Pero todo es fruto de la imaginación. Debe de ser uno de los modos que mi mente ansiosa tiene de pasar el tiempo.

Y ¿qué hay del colchón empapado en sudor y de los muelles rotos que se me clavan en la espalda? Eso es real. ¿Y los calambres que me recorren las piernas y el dolor de espalda que me martiriza? Esos también son reales.

Alargo el brazo para coger el cubo de agua que hay en el suelo, al lado de la cama. Un vigilante me lo trae una vez al día, junto con un bocadillo de queso. No es precisamente como el servicio de habitaciones de un hotel, a pesar de que, por lo que yo sé, soy el único prisionero encerrado en este edificio: no estamos más que yo y un sinfín de celdas vacías dispuestas una tras otra y conectadas por una pasarela de hierro.

El vigilante siempre deja el cubo en el suelo, justo al lado del inodoro de acero inoxidable, y yo lo arrastro hasta tenerlo cerca de la cama: este es todo el ejercicio que hago. Y el bocadillo me lo zampo enseguida. Ya no recuerdo lo que se siente cuando no se pasa hambre.

Queso manufacturado con pan duro, un inodoro sin asiento y un estado de aislamiento absoluto. Esa es mi vida desde hace un tiempo.

Cuando llegué aquí, traté de controlar las visitas del vigilante para poder llevar la cuenta de los días que transcurrían, pero me temo que a veces se olvidaban de mí. O me ignoraban a propósito. El peor de mis miedos es que me abandonen en esta celda para que me consuma en ella, para que acabe perdiendo el conocimiento, víctima de la deshidratación, sin siquiera darme cuenta de que estoy viviendo mis últimos momentos. La verdad es que preferiría morir en libertad, luchando contra los mogadorianos.

Y aún me gustaría más no morir.

Tomo un trago de agua, este líquido tibio con sabor a óxido. Es asqueroso, pero al menos me permite volver a sentir algo de humedad en la boca. Estiro los brazos por encima de la cabeza y mis articulaciones crujen en señal de protesta. Siento además una punzada de dolor en las muñecas: al hacer este gesto, el tejido de mi tierna cicatriz se resiente. Y entonces mi mente se pone en marcha de nuevo; esta vez, sin embargo, no se aventura en el terreno de la fantasía, sino en el de los recuerdos.

Pienso en Virginia Occidental a diario.
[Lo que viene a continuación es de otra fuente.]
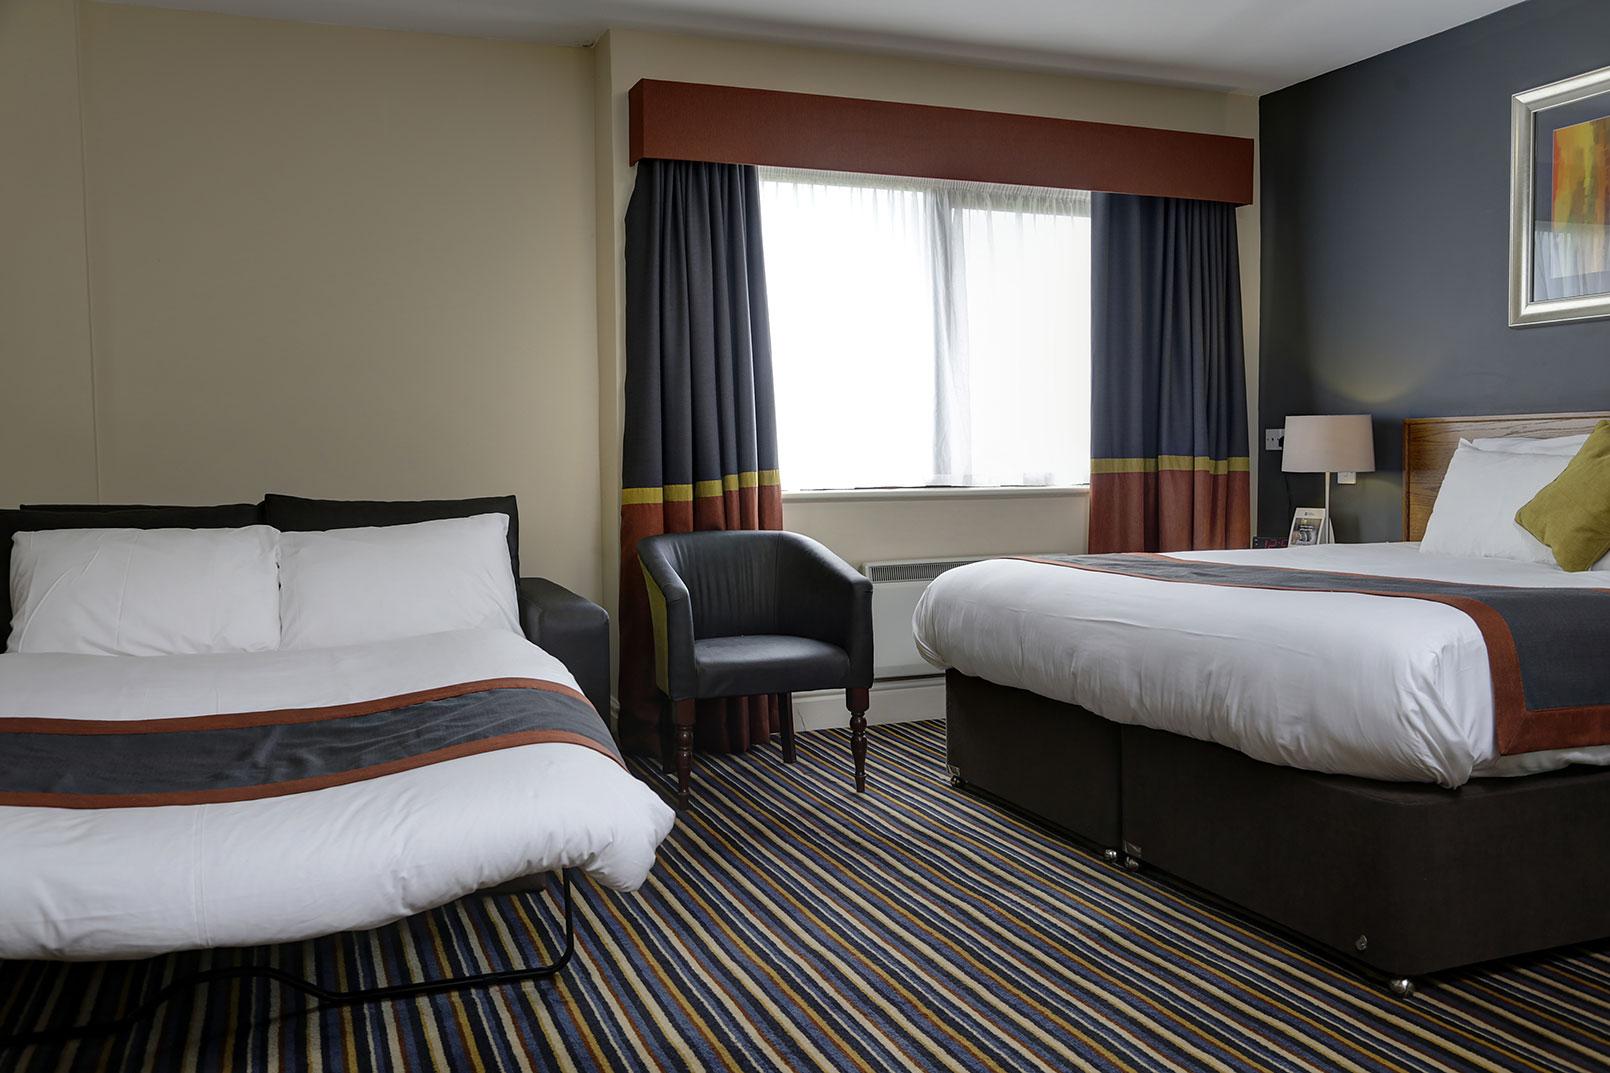 Milton Keynes Hotel Bedrooms 09 83989

Lo revivo todo.

Me recuerdo recorriendo esos túneles sin aliento, agarrando con fuerza la piedra roja que Nueve me había prestado e iluminando con su luz alienígena una celda tras otra. Cada vez que me acercaba a unos nuevos barrotes, albergaba la esperanza de encontrar allí a mi padre, pero me llevé una decepción en todos.
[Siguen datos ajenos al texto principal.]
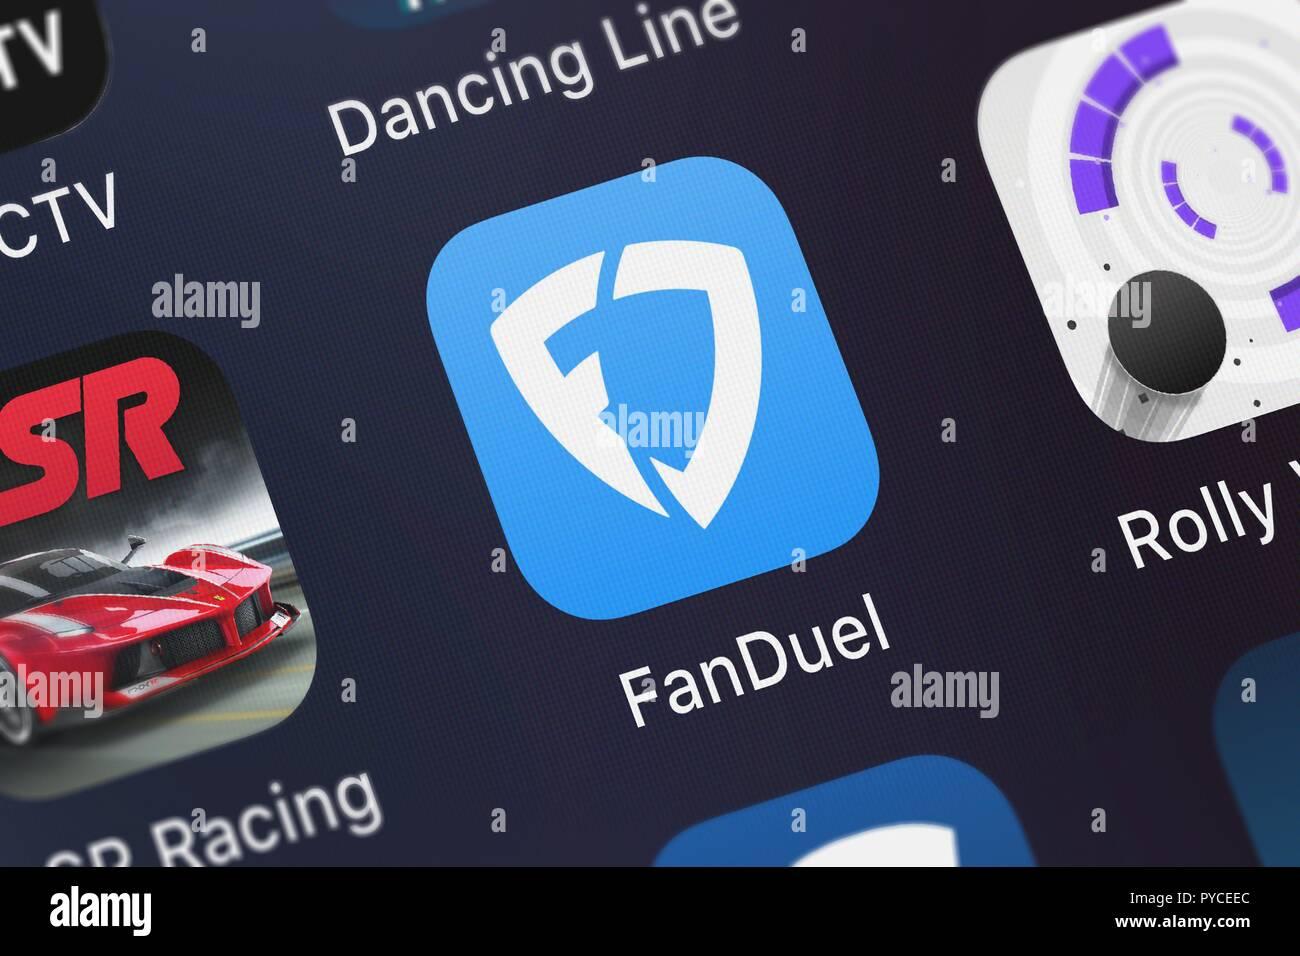 Londres, Royaume-Uni - 26 octobre 2018: Capture d'écran de l'application mobile - FanDuel FanDuel de Fantasy Football, Inc.. Banque D'Images

Entonces llegaron los mogadorianos y me impidieron reunirme con John y Nueve. Recuerdo que me atenazó el miedo cuando me vi separado de los demás: tal vez sus legados les habían permitido deshacerse de esa horda de mogadorianos y piken. Por desgracia, yo solo contaba con un cañón mogo.

Hice todo lo que pude y traté de encontrar el camino que me condujera junto a John y Nueve mientras disparaba a todos los mogos que se me acercaban demasiado.

A pesar del estruendo de la pelea, oí a John gritando mi nombre. Estaba cerca; el problema era que nos separaba una horda de bestias alienígenas.

La cola de un monstruo restalló entre mis piernas y mis pies saltaron hasta casi la altura de mis orejas. La piedra de Nueve se me escapó entre los dedos y rodó por el suelo. Caí de bruces y me hice un corte encima de la ceja. La sangre enseguida me empapó los ojos. Medio ciego, me arrastré en busca de un lugar donde cobijarme.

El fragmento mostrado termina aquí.